Rectilinear Volvos like today’s Nice Price or No Dice 240 were once primarily favored by tweedy, pipe-smoking professorial types. Nowadays, pretty much every car nerd loves and covets them. Let’s see if its asking price could get you professing your love for this rare manual-equipped edition.
There’s this great line in the Tom Hanks movie Volunteers—the flick about a narcissistic rich guy forced into the Peace Corp to escape his creditors—in which Hanks’ character declares to another peace corporal: “It’s not that I can’t help these people. It’s just I don’t want to.”
I was reminded of that while perusing the comments on Friday’s 2008 Mercedes Benz GL320 CDI. A lot of you weighed in that the car’s $10,999 was a tad high, but many more noted simply that, while you could spend the cash on it, you could see no reason whatsoever to do so. Yeah, I know it’s not quite the same, but that’s just how my pea brain processes things so work with me here.
In the end, the Mercedes dropped in a 60% No Dice loss. On a much happier note, it was during the filming of Volunteers that Hanks and Rita Wilson decided to get hitched. They’ve been happily married ever since, a Hollywood fairytale as it were.
Few marriages last as long as has Hanks and Wilson’s, especially when they are burnished by the glare of celebrity. Enduring for decades while still putting on a good public face is a badge of honor. As I’m sure you well know, the same goes for cars. How many models out there can you say lasted for a decade or more and didn’t become a parody of itself—I’m looking at you, Foxstang.

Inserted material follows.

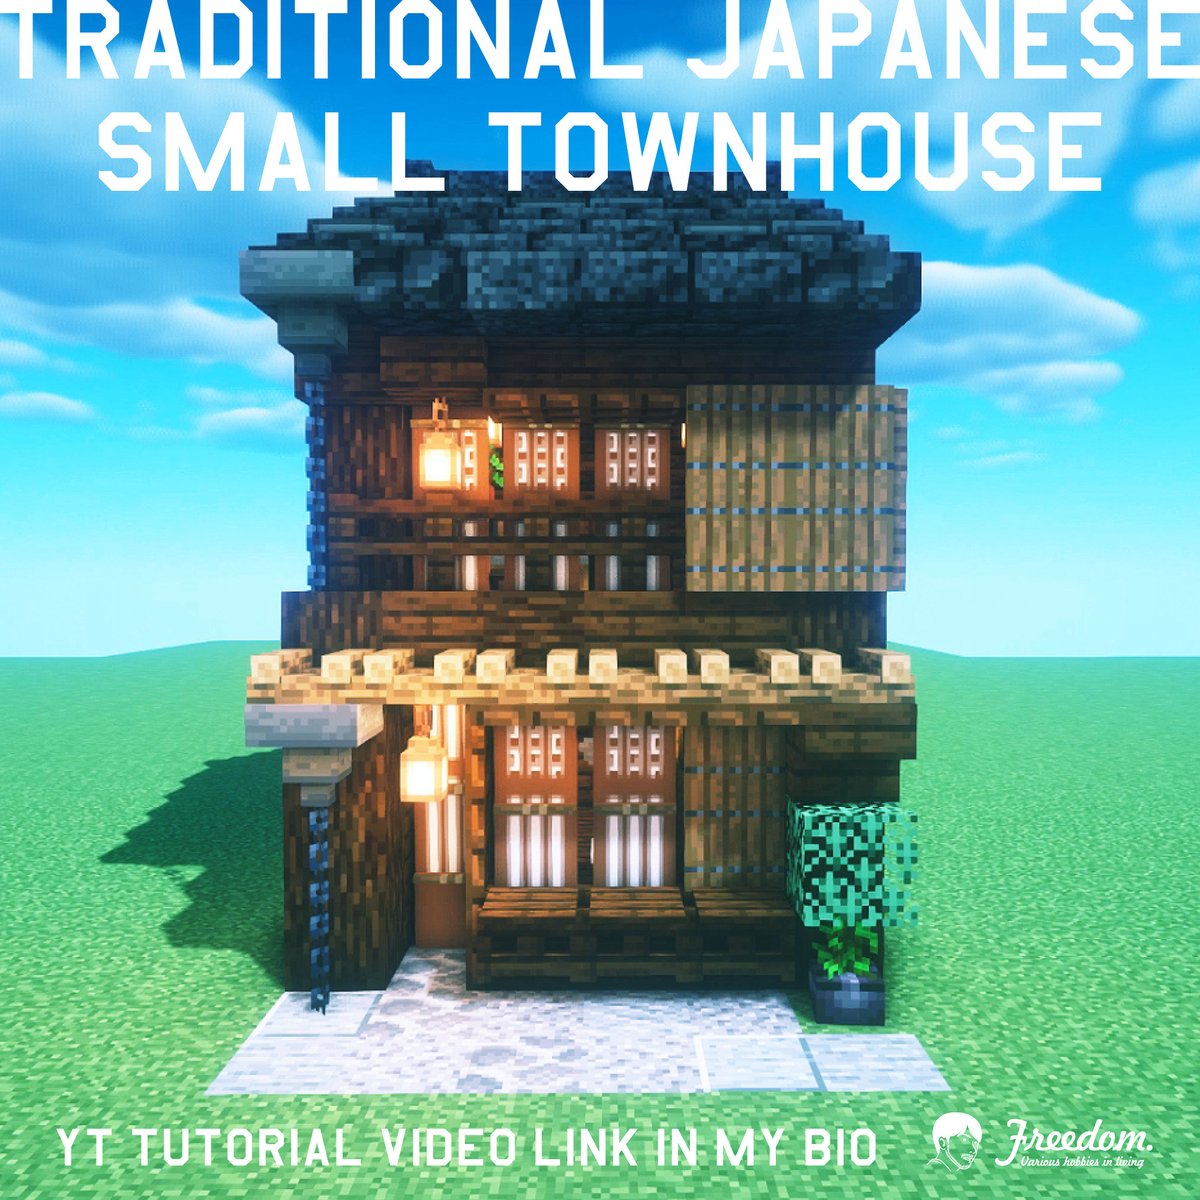 Freedom Japanese Traditional Small Townhouse Tutorial Video Up T Co D5elnfxdjm マインクラフト Minecraft Minecraft建築コミュ Minecraftbuild Architect Interior Tutorial 建築 バニラ建築学部 Vanilla Shop 和風建築
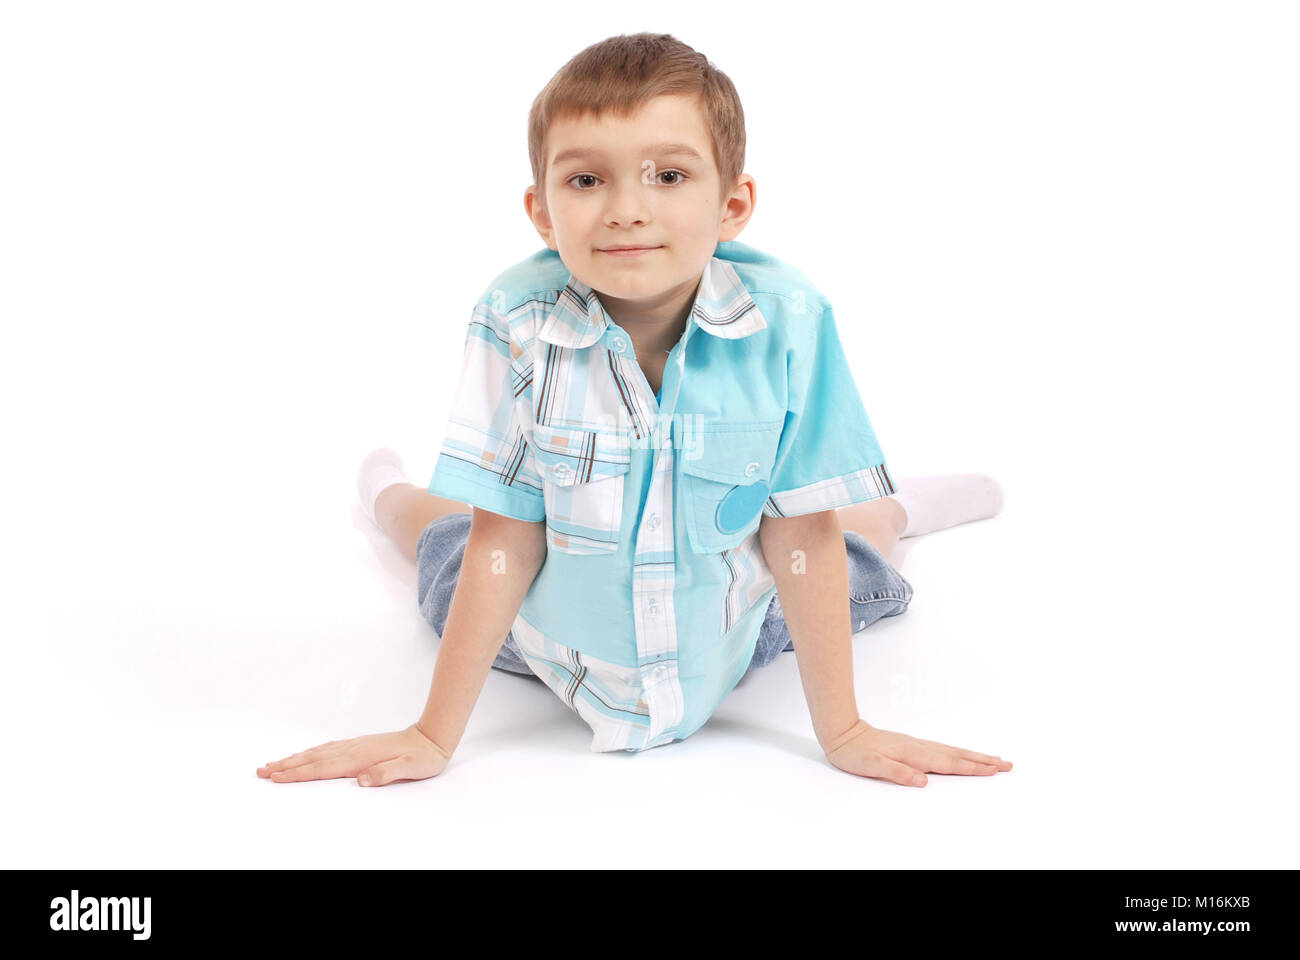 The boy poses, isolated on white background Stock Photo

One such everlasting gobstopper of a car is Volvo’s boxy 200 series. This model line debuted as the 140 series in 1966 and continued on in series production with basically the same body style and similar engines all the way into the early ‘90s. Talk about a run!
This 1985 Volvo 240 comes from half-way through the last full decade of the model’s run. This model year was the last for the four rectalngular headlight nose, which the car had sported since 1979. The ’86 update encompassed a number of other minor but noticeable changes, the most notable outcome being a significant toning down of the car’s brightwork.
Here it’s all bling up front, followed by funky Cream paint and black greenhouse trim. The body appears to be in fabulous condition and rides on cap-less factory steelies, a really good look. The tires wrapping those are said to be new, and add to the tidy presentation.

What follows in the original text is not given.